# A sad, but TRUE Story....



## Ralphthe3rd (Feb 24, 2011)

Can you Fix it ?......ahhhh- NO !



















Now (as Paul Harvey used to say)- The Rest of the Story.....

- do you want to hear the Sad- But True story behind the Indy Car body seen above !? Ok, ya see we live in Amish Country in Central PA, and there is this nice Amish Guy who runs a second hand store selling a little bit of Everything ! Well, this guy(named Adam) goes to Auctions every weekend and gets alot of stuff- for re-sale in his little store. Well suffice to say he got a battered and Very old, but semi intact, HO Slot car set. The box was falling apart and the contents were scattered and the cars were apart and missing wheels etc. Some guy(not me), comes into his store, see's the box top and offers him $3 for just the box lid, but he passes on all the contents, and just buys the lid for the cover art, and both men are happy. Anyway, Adam now thinks, that the remainder of the contents is Junk, so he has his young son toss it onto the Burn Pile behind his Shop ! (a few days pass) Well..... I end up seeing the Box lid at an Antique shop near me and Buy it, and inquire where it came from, the man who bought it tells me, and I try and make it down the very next day to the Amish Man's store, and ask him about it. He leads me out to the burn pile, and at the very edge of the pile, that is where I recover this semi Melted and deformed, T-Jet Indy Car body  ...and I cried  

PS- there is even MORE to this story, as I said before, I now own the Box lid....and here is a photo of the lid I pulled off the internet before I purchased my LID.... you may recognize this from an earlier thread I started a few days ago


----------



## slotcardan (Jun 9, 2012)

.........


----------



## 60chevyjim (Feb 21, 2008)

just think if it has been the 32 ford pickup or a tjet galaxie ouch.


----------



## Ralphthe3rd (Feb 24, 2011)

*Will be leaving As-IS....*

Dan, I know how to semi restore it as you mention, BUT, it will be left As-IS....as a reminder.


----------



## GT40 (Jan 18, 2014)

3rd
That is one tall blonde standing by the Impala in the first pic
Hope you can fix the cool Indy Car.

gt40


----------



## old blue (May 4, 2007)

.....you can always make goop out of it.......


----------



## slotcarman12078 (Oct 3, 2008)

The real question is did the driver survive the fiery crash?


----------



## TUFFONE (Dec 21, 2004)

slotcarman12078 said:


> The real question is did the driver survive the fiery crash?
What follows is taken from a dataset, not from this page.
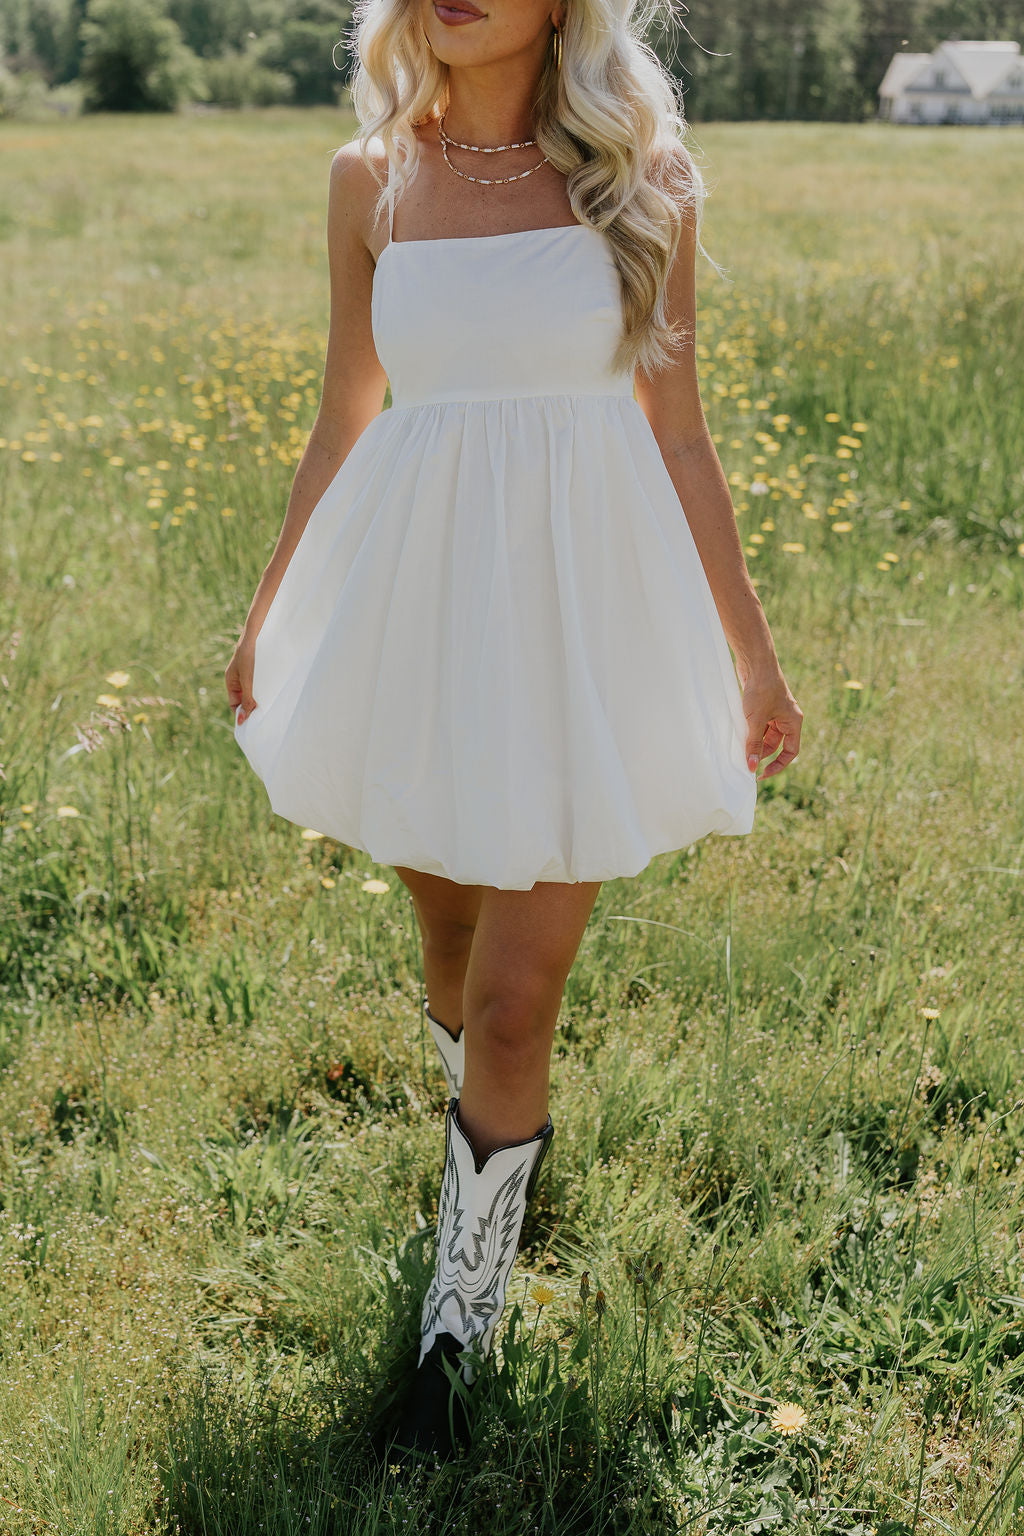 Front view of female model wearing the Rosemary White Bubble Hem Mini Dress that has white fabric, a bubble hem, and thin straps.
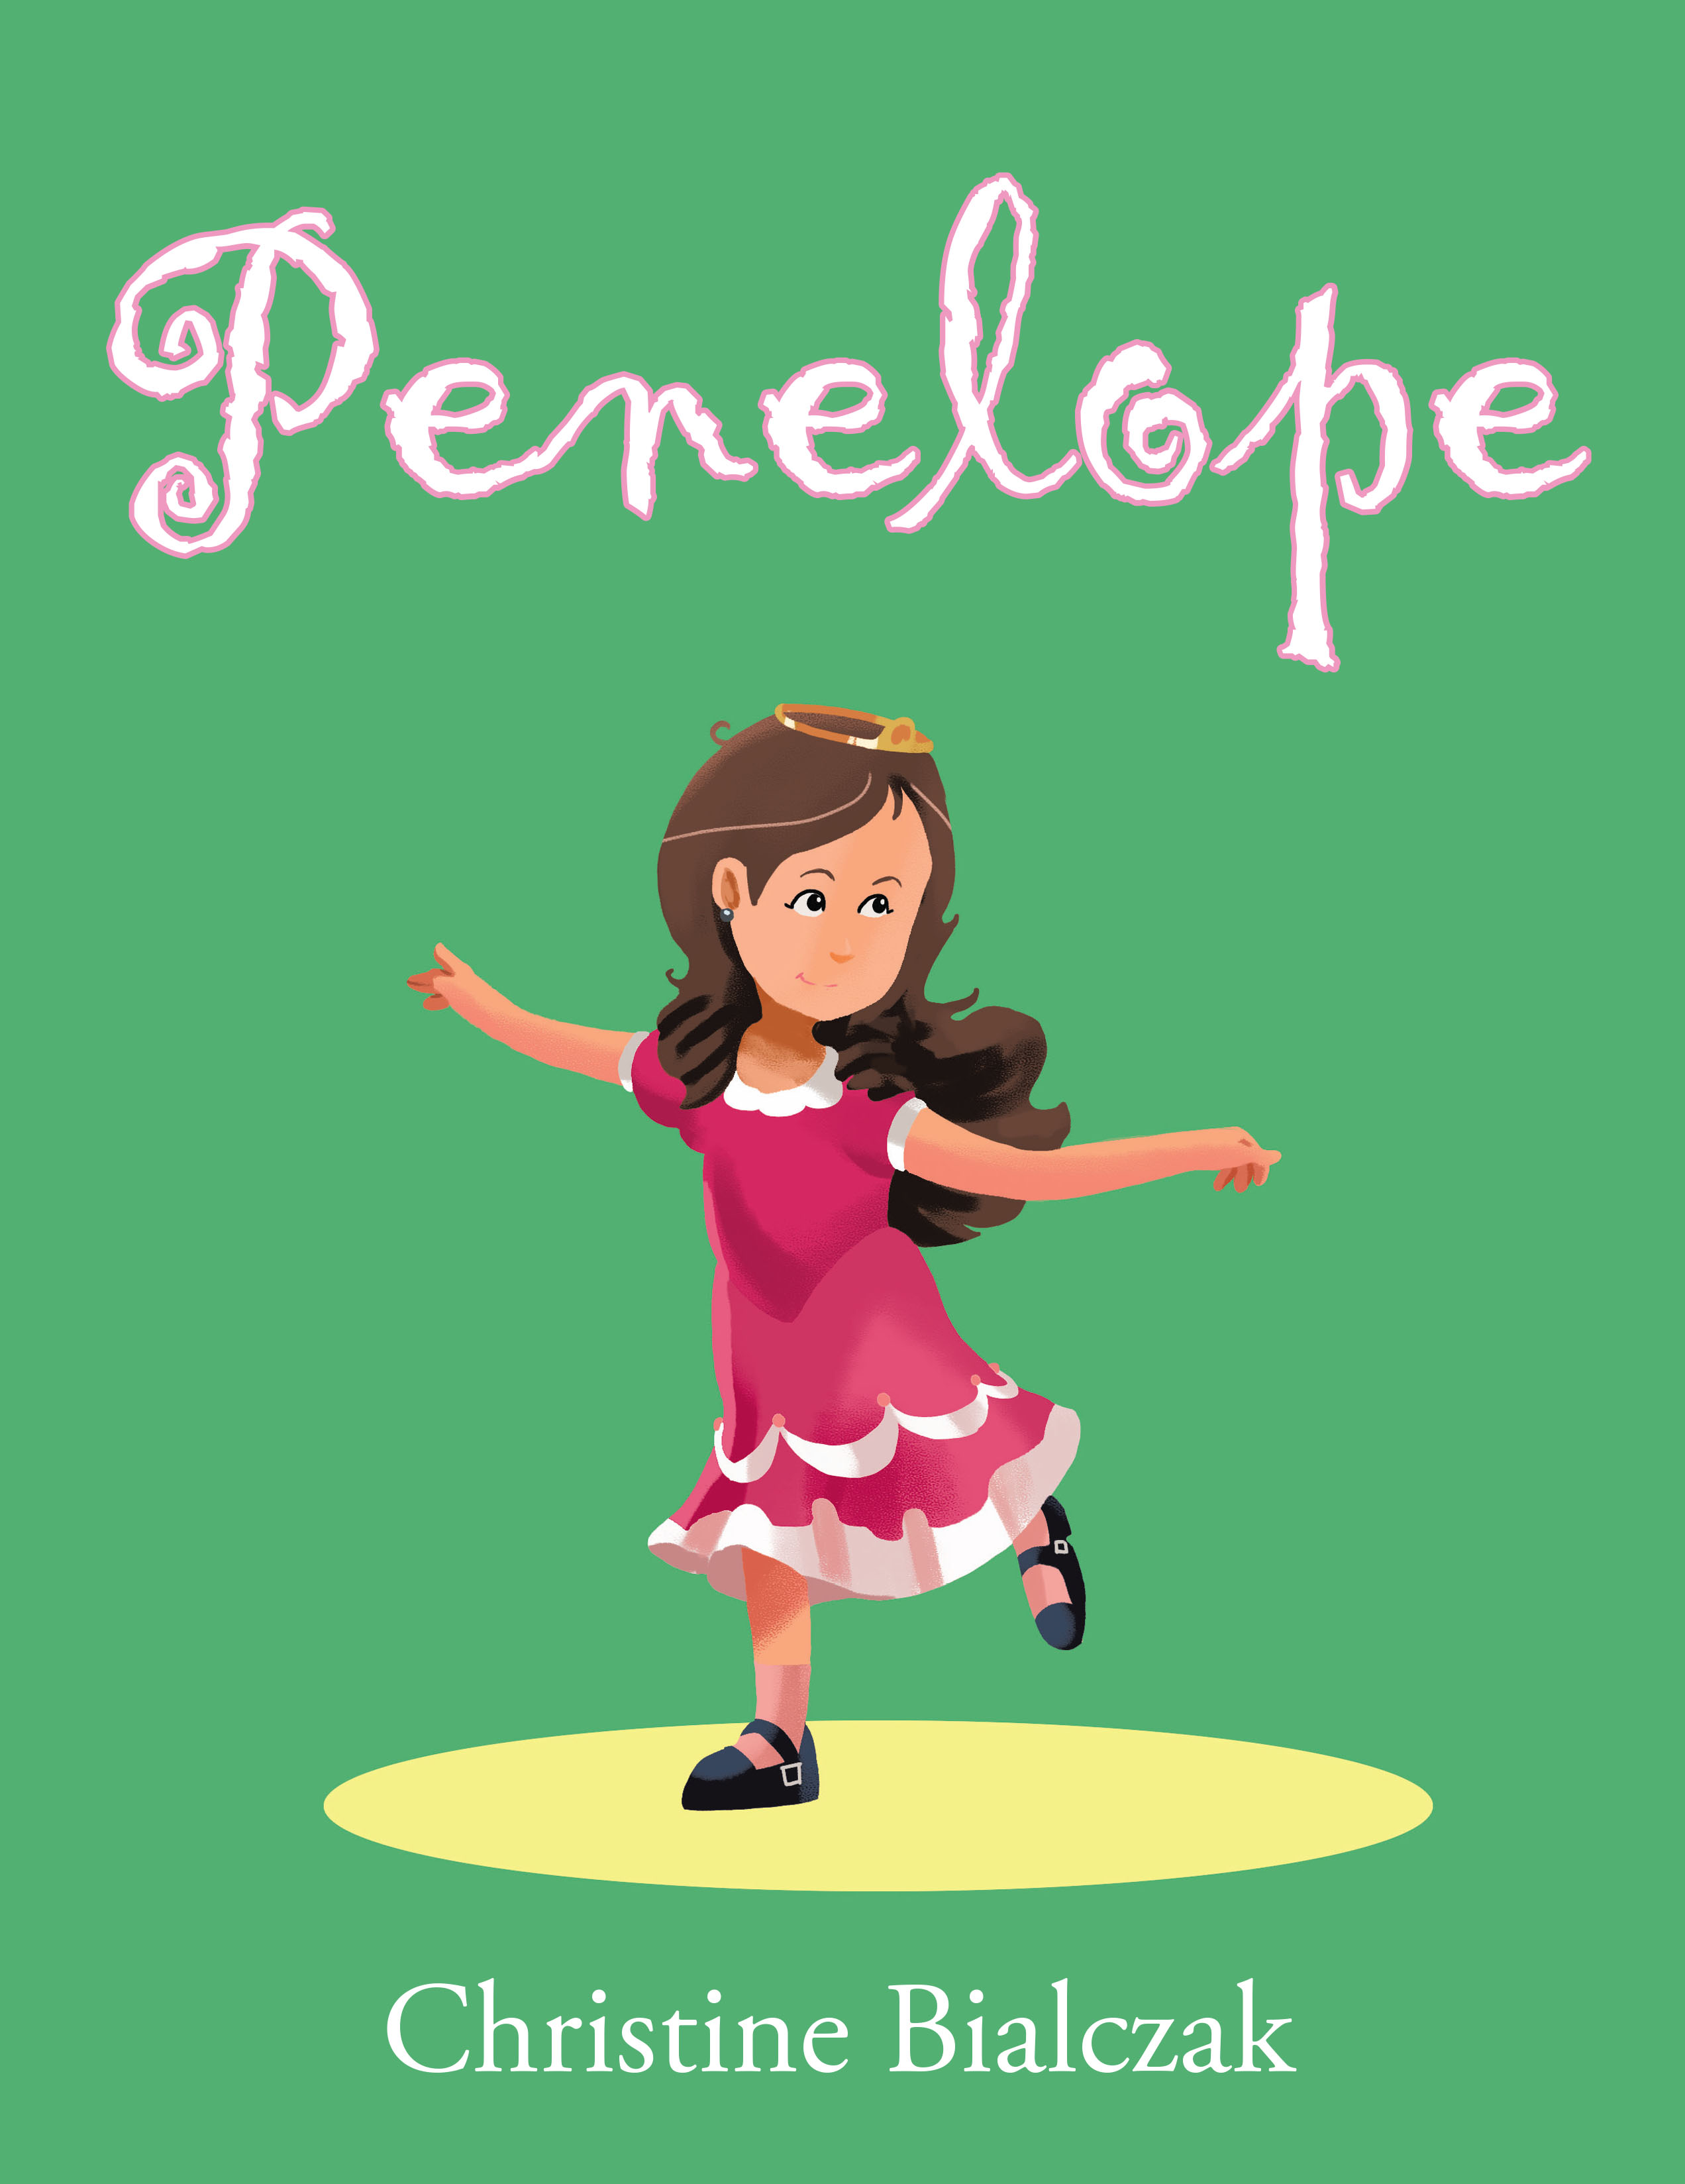 Penelope Cover Image

 I'll bet many pit boxes hold tales of fiery encounters...


----------



## MSwaterlogged (Feb 5, 2014)

Ouch!!!


----------



## Tuxedo (Dec 14, 2011)

TUFFONE said:


> I'll bet many pit boxes hold tales of fiery encounters...


Bill Hall could fix that one :thumbsup:


----------



## Bill Hall (Jan 6, 2007)

I wish there was a Magic Wand for that!

That looks like the tasty part of a 'Smore.


----------



## TUFFONE (Dec 21, 2004)

TUFFONE said:


> I'll bet many pit boxes hold tales of fiery encounters...


This fiery encounter took place in 1970 if I remember correctly. I used to race on a Wide Track set at my best friend's house. We added some "extra" racing fuel and some open flame to the situation. We lit it up and hit the gas. I don't remember how many laps were achieved before engine failure, but it sure was fun to watch!


----------



## Ralphthe3rd (Feb 24, 2011)

*I got another piece of the set.....*

Something ELSE Escaped the Burn Pile ! I got an email from the guy that I got the Penn Line Indy 500 Box lid from(which is framed and on the wall now). And he told me the amish guy discovered something from the set that he didn't burn , but set aside and forgot about.... he said it was this Red Box thing. LOL- so I went to the amish guy's shop and he had been expecting me. And what he had saved, and spared from the burn pile, was the Set Transformer !  
So now I have the box lid and the Transformer from the Penn Line set. Oh, and btw, the 12v transformer Works GREAT ! :woohoo:


----------



## swamibob (Jan 20, 2009)

Very groovy!

Tom


----------